Jenna Leventhal
Jenna Leventhal was first introduced to the USC Shoah Foundation as an undergraduate at UC Santa Barbara, working on a project for a public history course. Now, as manager of IWitness, she says her journey from student to Shoah Foundation education staff has come full circle.
Leventhal received her master’s in public history from the University of Houston and in 2011 joined the staff of the USC Shoah Foundation to work on IWitness, its new educational website that allows students to interact with testimony from the Visual History Archive, which at the time was still undergoing testing and development. IWitness drew on Leventhal’s interest in how history can be brought to life for different audiences.
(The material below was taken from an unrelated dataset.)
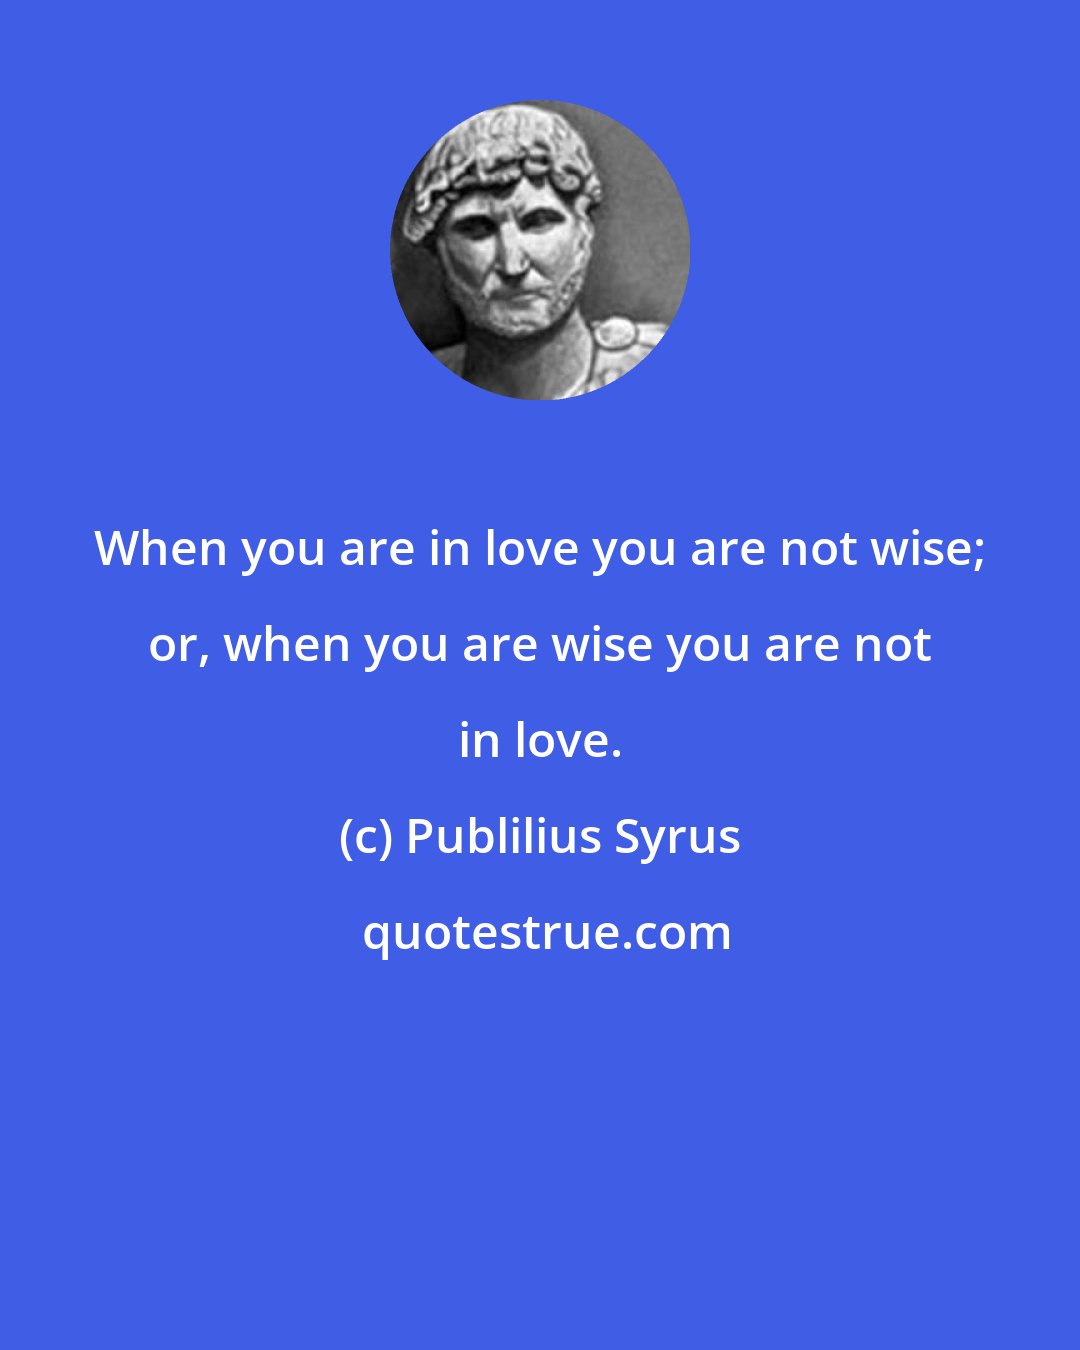 Publilius Syrus: When you are in love you are not wise; or, when you are wise you are not in love.

IWitness allows students to watch testimonies of survivors and witnesses of the Holocaust and Rwandan Tutsi Genocide and use them in individual or group multimedia projects. In a way that transcends traditional print materials, the interactive, audio-visual form of IWitness connects learners with contextualized first-person views of history while training them to master the digital and media literacies necessary for the future.
While IWitness was originally a tool to teach primarily about the Holocaust, Leventhal said with its new Rwandan testimonies and new types of activities – video editing and Information Quests – IWitness can now be used in many different subjects. For example, earlier this year IWitness added its first activity focused on the voices of Japanese-American and African-American liberators, who experienced racism and prejudice in the United States before and after World War II.
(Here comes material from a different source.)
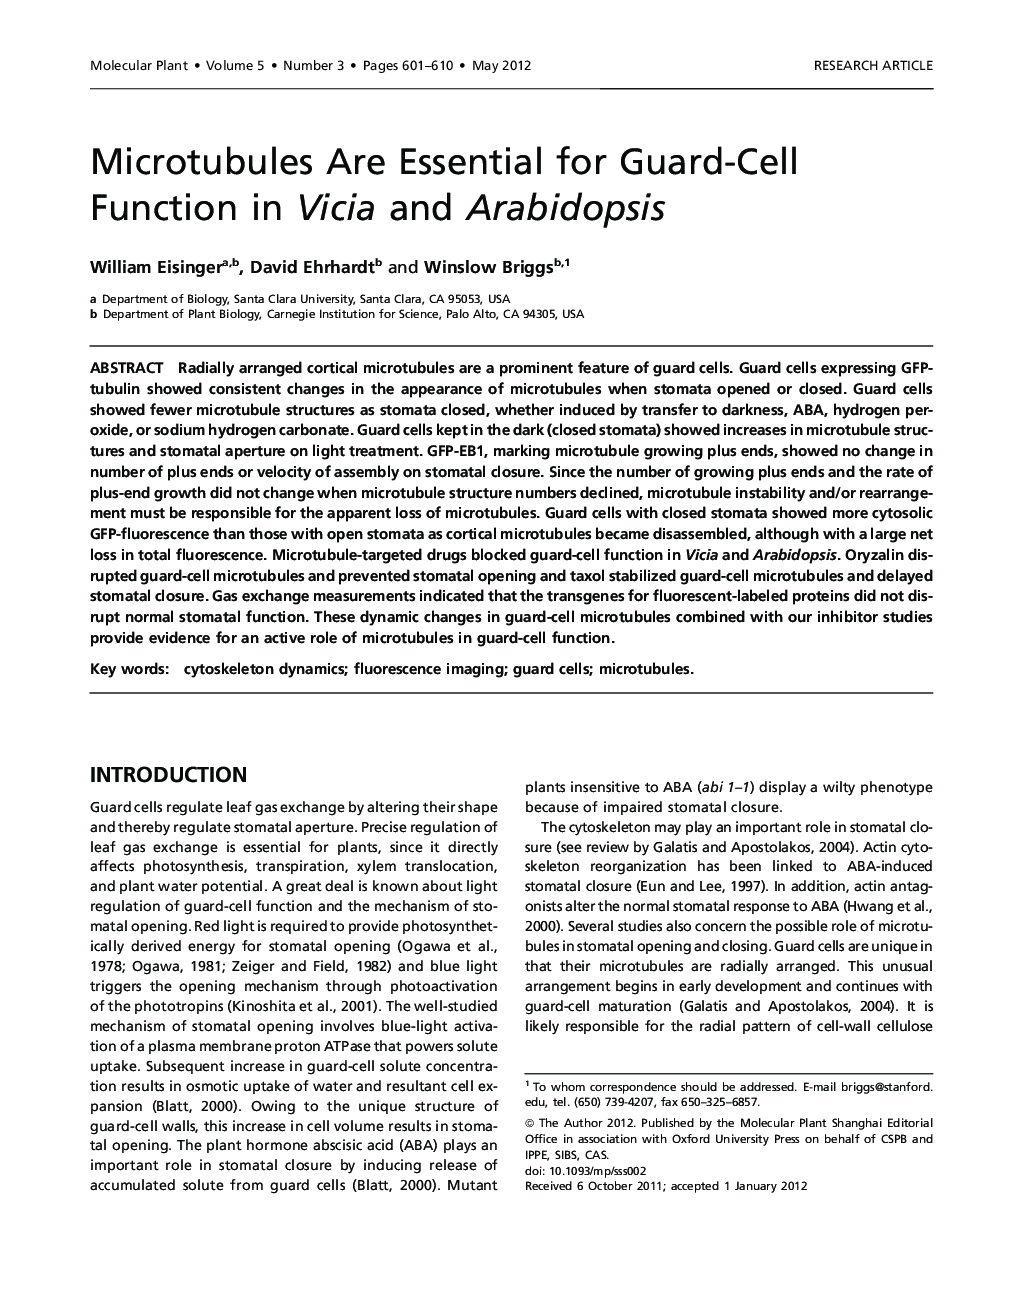 Microtubules Are Essential for Guard-Cell Function in Vicia and Arabidopsis

“Teachers don’t just have to be teaching the Holocaust to find it useful. You really can find intersections across the curriculum,” Leventhal said. “It’s making IWitness available and bringing the testimonies – these full life stories – to a much wider audience than they ever would have before.”
In spring 2014, the first-ever winner of the IWitness Video Challenge was crowned. In the inaugural IWitness Video Challenge, the USC Shoah Foundation invited students from all over North America to be inspired by testimonies in IWitness and to use their innovation and creativity to create positive value in their communities by doing something ordinary (or extraordinary) and then build a video telling the story about how they contributed to making their communities a better place. The winner was Ruth Hernandez, a Philadelphia high school student who was inspired by testimony and her own family’s history to participate in a rally for immigration reform.
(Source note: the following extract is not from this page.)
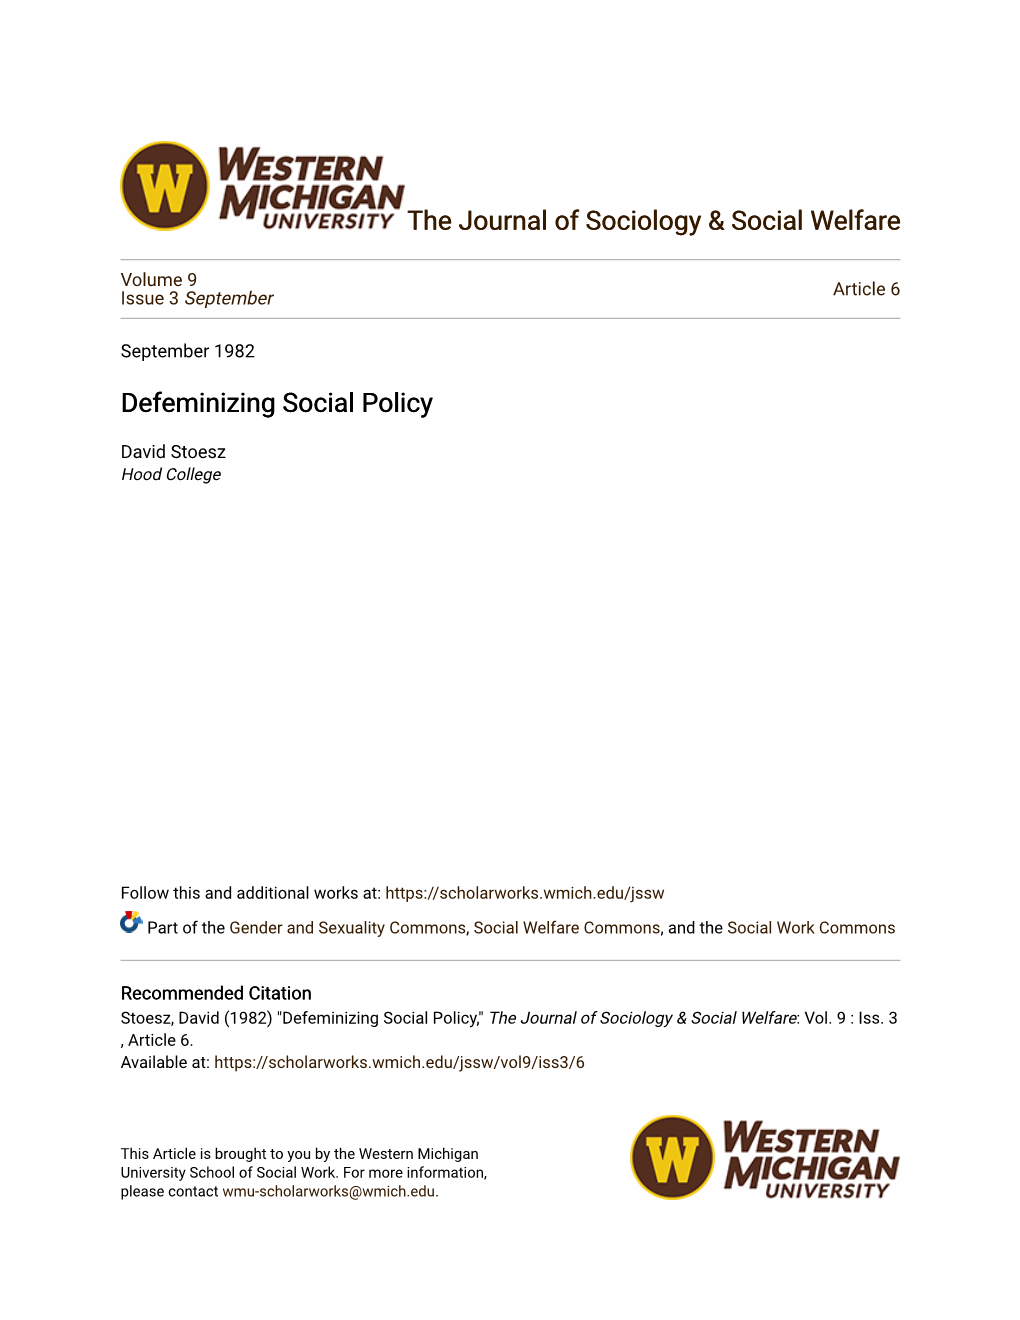 Defeminizing Social Policy

Leventhal said she was excited to see how many students took on the challenge and the diversity of the projects they completed in their communities.
“Ruth herself said it best: it was a way to give students a voice,” Leventhal said. “It helped give them agency, it empowered students to go out and do something that mattered to them.”
The next IWitness Video Challenge will be launched in time for the new school year. In addition, IWitness will begin offering a new type of activity designed to be more flexible and fit into teachers’ existing curriculum. But in the two years since IWitness officially launched, Leventhal has already witnessed how deeply students are affected by watching testimony of genocide survivors.
“They have that really close connection with [survivors] they’ve never met, who may or may not be alive anymore, and I think that’s a pretty powerful thing. It stays with them.” she said.
From her first introduction to the USC Shoah Foundation as a student to now, Leventhal said working on IWitness is an ideal intersection of her passions for history, education and innovation.
“It’s really the intersection of what I was so interested in early on: How do we make history interesting and relevant and engaging?” she said. “Now I get to play a role in shaping this amazing tool that does just that.”